Here's a video demonstrating what can happen. The problems according to the article in Front Sight were with the 40 S&W cartridge which is a smaller head dimension and may be able to move more easily in the way of the ejector.

1911 Primer Detonation While Unloading - YouTube


----------



## FNISHR (Aug 9, 2011)

That's really interesting. I hadn't come across it before. It's also a good reminder of the importance of using eye protection.


----------



## TedDeBearFrmHell (Jul 1, 2011)

if something bad is going to happen when you do something, its just my opinion that you shouldnt do that thing.


----------



## rgrundy (Jul 16, 2011)

TedDeBearFrmHell said:


> if something bad is going to happen when you do something, its just my opinion that you shouldnt do that thing.
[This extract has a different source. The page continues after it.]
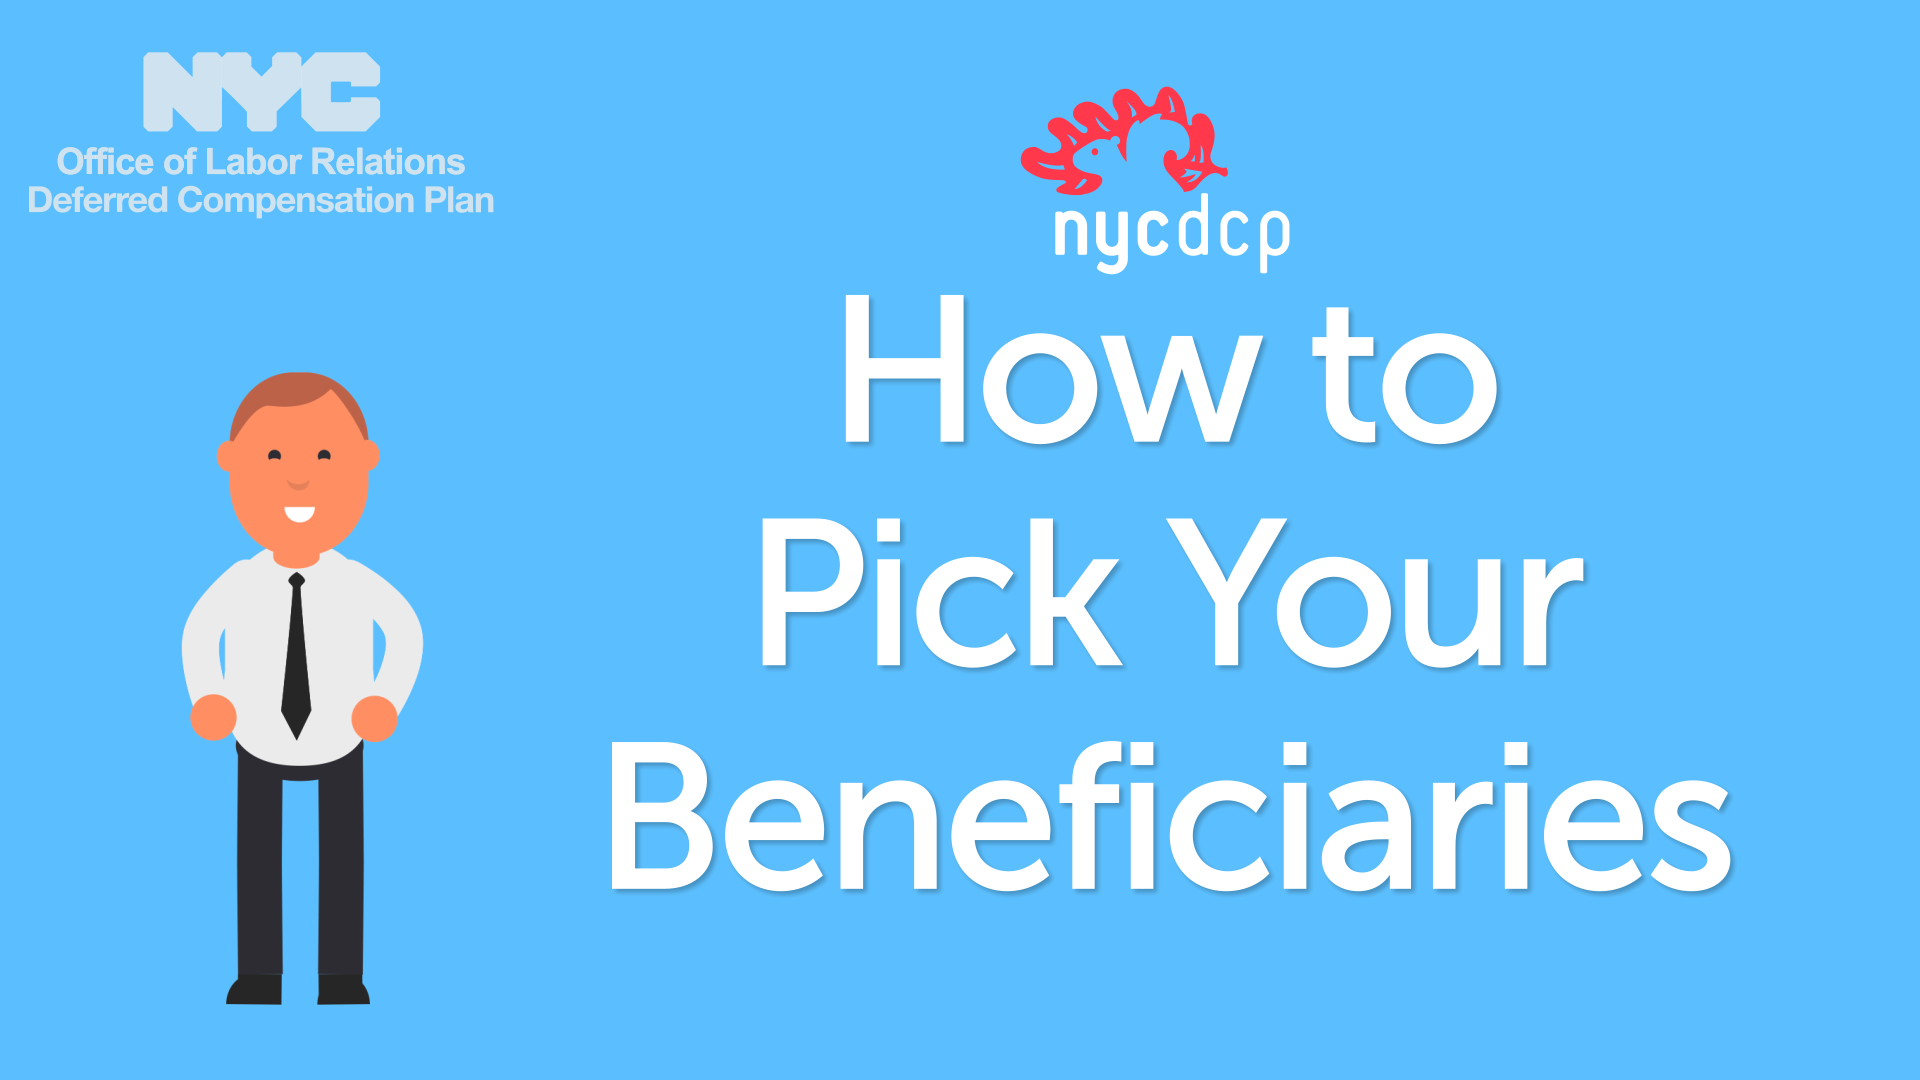 Character next to the words "How to Pick Your Beneficiaries"
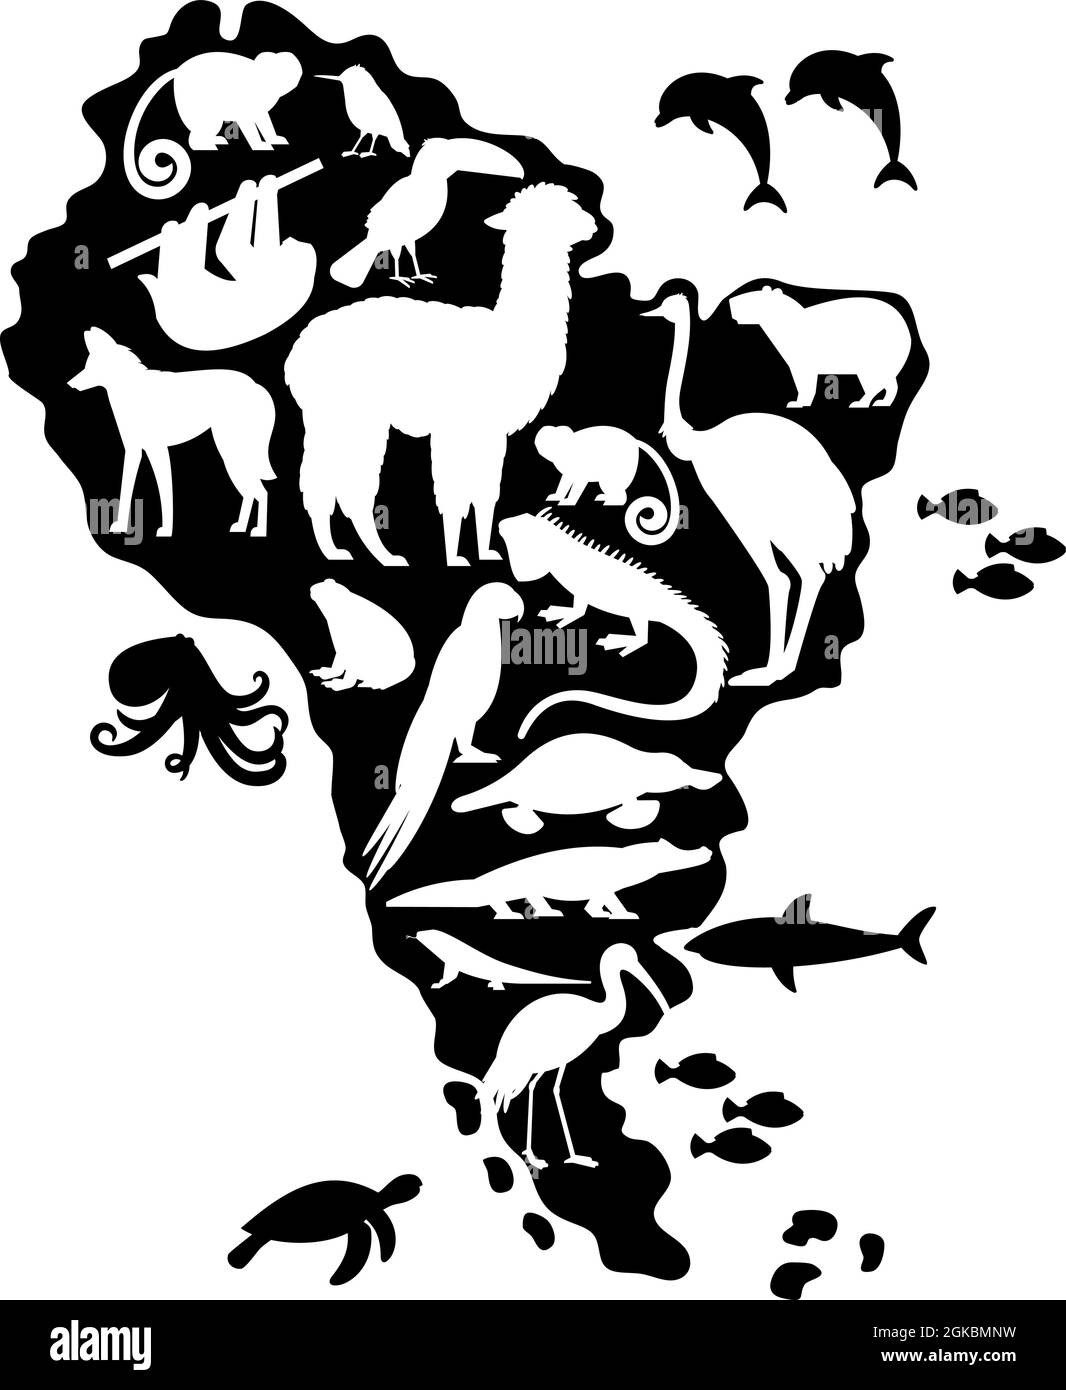 Silhouettes of Animals and Birds on South America Map Stock Vector

It just recently happened at several matches. One guy lost half a front tooth and the other had brass blown into his hand. So the problem has been studied and our behavior is being corrected. Old habits die hard though.


----------



## Cobra64 (Jan 20, 2007)

It seems to me that the situation could occur in other platforms besides the 1911, and that the gentleman in the video could have benefited from a training class.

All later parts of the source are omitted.